Recently, my husband was diagnosed with a very rare lung disease called Pulmonary Alveolar Protienosis. Little is known about it, in fact - he has had difficulty breathing for some time now. I'm talking years. Every time we would go to the doctor/emergency room, x-rays were taken and he was told he either had pneumonia or bronchitis. After seeing multiple doctors we decided enough was enough and I went in search of the best doctor's in Houston Medical Center. We found a GREAT team of doctor's and he was diagnosed in April with this disease. Since then we have had multiple trips back and forth to the doctor with surgeries and weeks at a time hospital stays. He was placed on oxygen 24/7 and was told to he should not go back to work (a job he loved). We applied for disability and have been reduced to a one income family.
My blog/letter writing slowed as this became a time consuming medical condition. He recently started the account below to help with extensive medical bills and travel cost back and forth to doctor's. We live 2 1/2 hours away from his wonderful team. I am starting a page with information on our experiences with this disease as well.

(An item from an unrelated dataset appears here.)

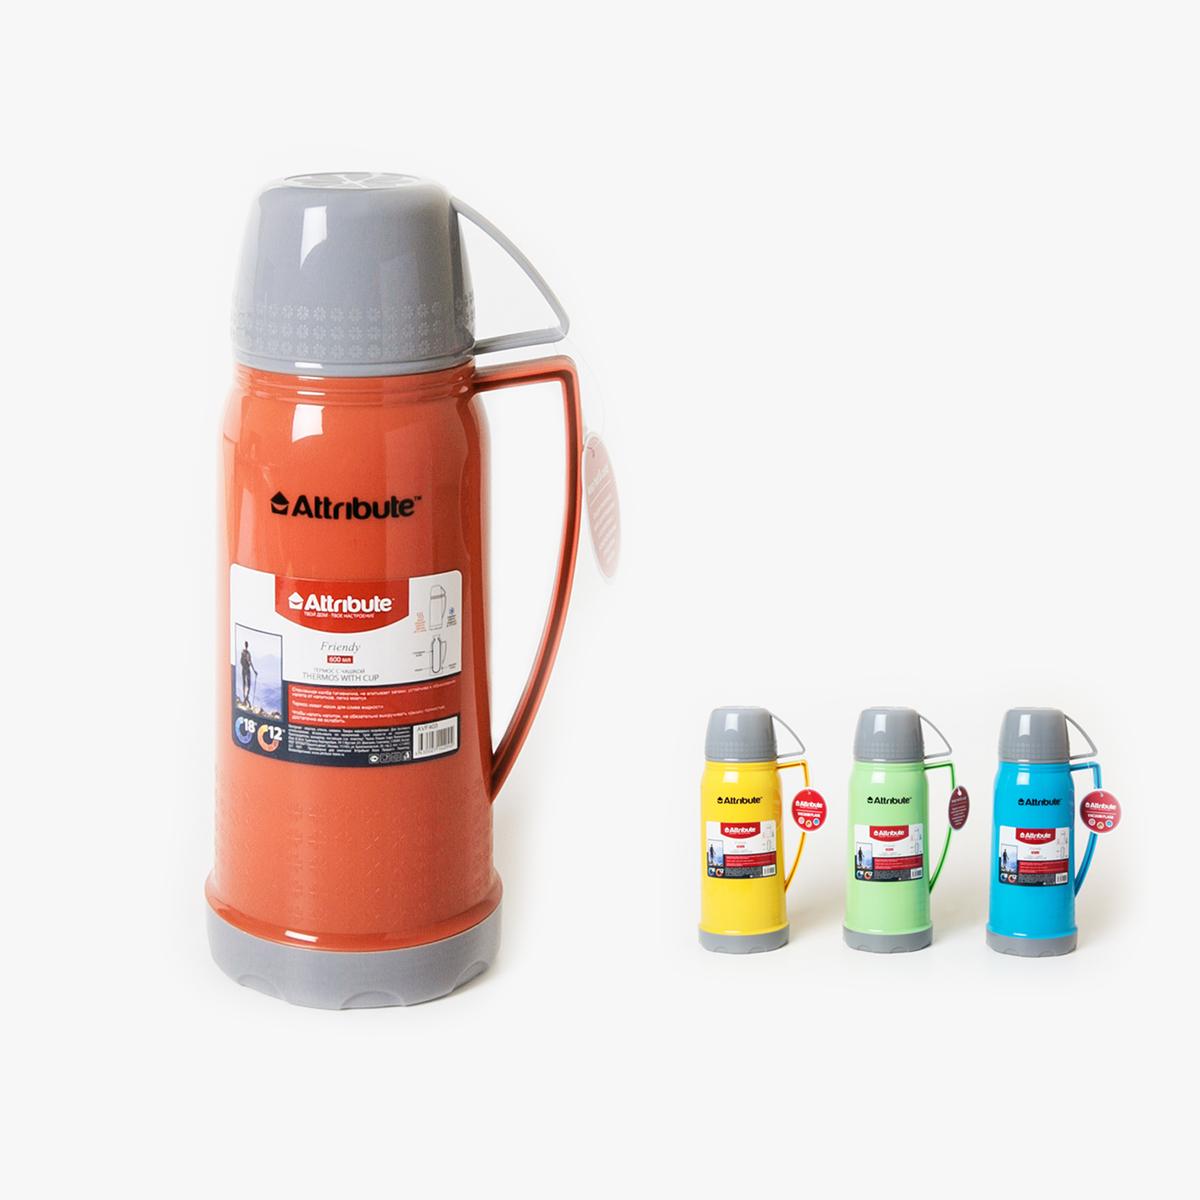 Термос Attribute Friendy, с ручкой, 600 млVT-1520(SR)Термос Attribute Friendy подходит для напитков и настоек травяных отваров. Внутренняя колба и корпус выполнены из высококачественной нержавеющей стали. Корпус покрыт защитным цветным лаком, что создает дополнительную защиту рук при использовании на морозе. Термос сохраняет напиток горячим до 10 часов, а холодным - до 16 часов. Вакуумная теплоизоляция между колбой и корпусом обеспечивает наилучшее сохранение тепла. Герметичная крышка снабжена теплоизоляционным материалом. Верхняя крышка плотно закрывает термос и может использоваться в качестве чаши для питья c ручкой. Изделие легкое и прочное, малый вес позволяет брать его с собой на работу и учебу, в поездки и походы.

Anyway, I've decided that writing about it can be very therapeutic - especially during those long hospital stays. We have several more coming up. Mostly, I just wanted to let everyone know why my blogging has gone almost non-existent.
If you care to read up on our experiences, just click on the tab at the top of the page and if you care to help and donate please click the widget below.
This man is the love of my life and my best friend. This trial is difficult, but God does not give us anything we can't handle. Your prayers and well wishes are GREATLY appreciated as well.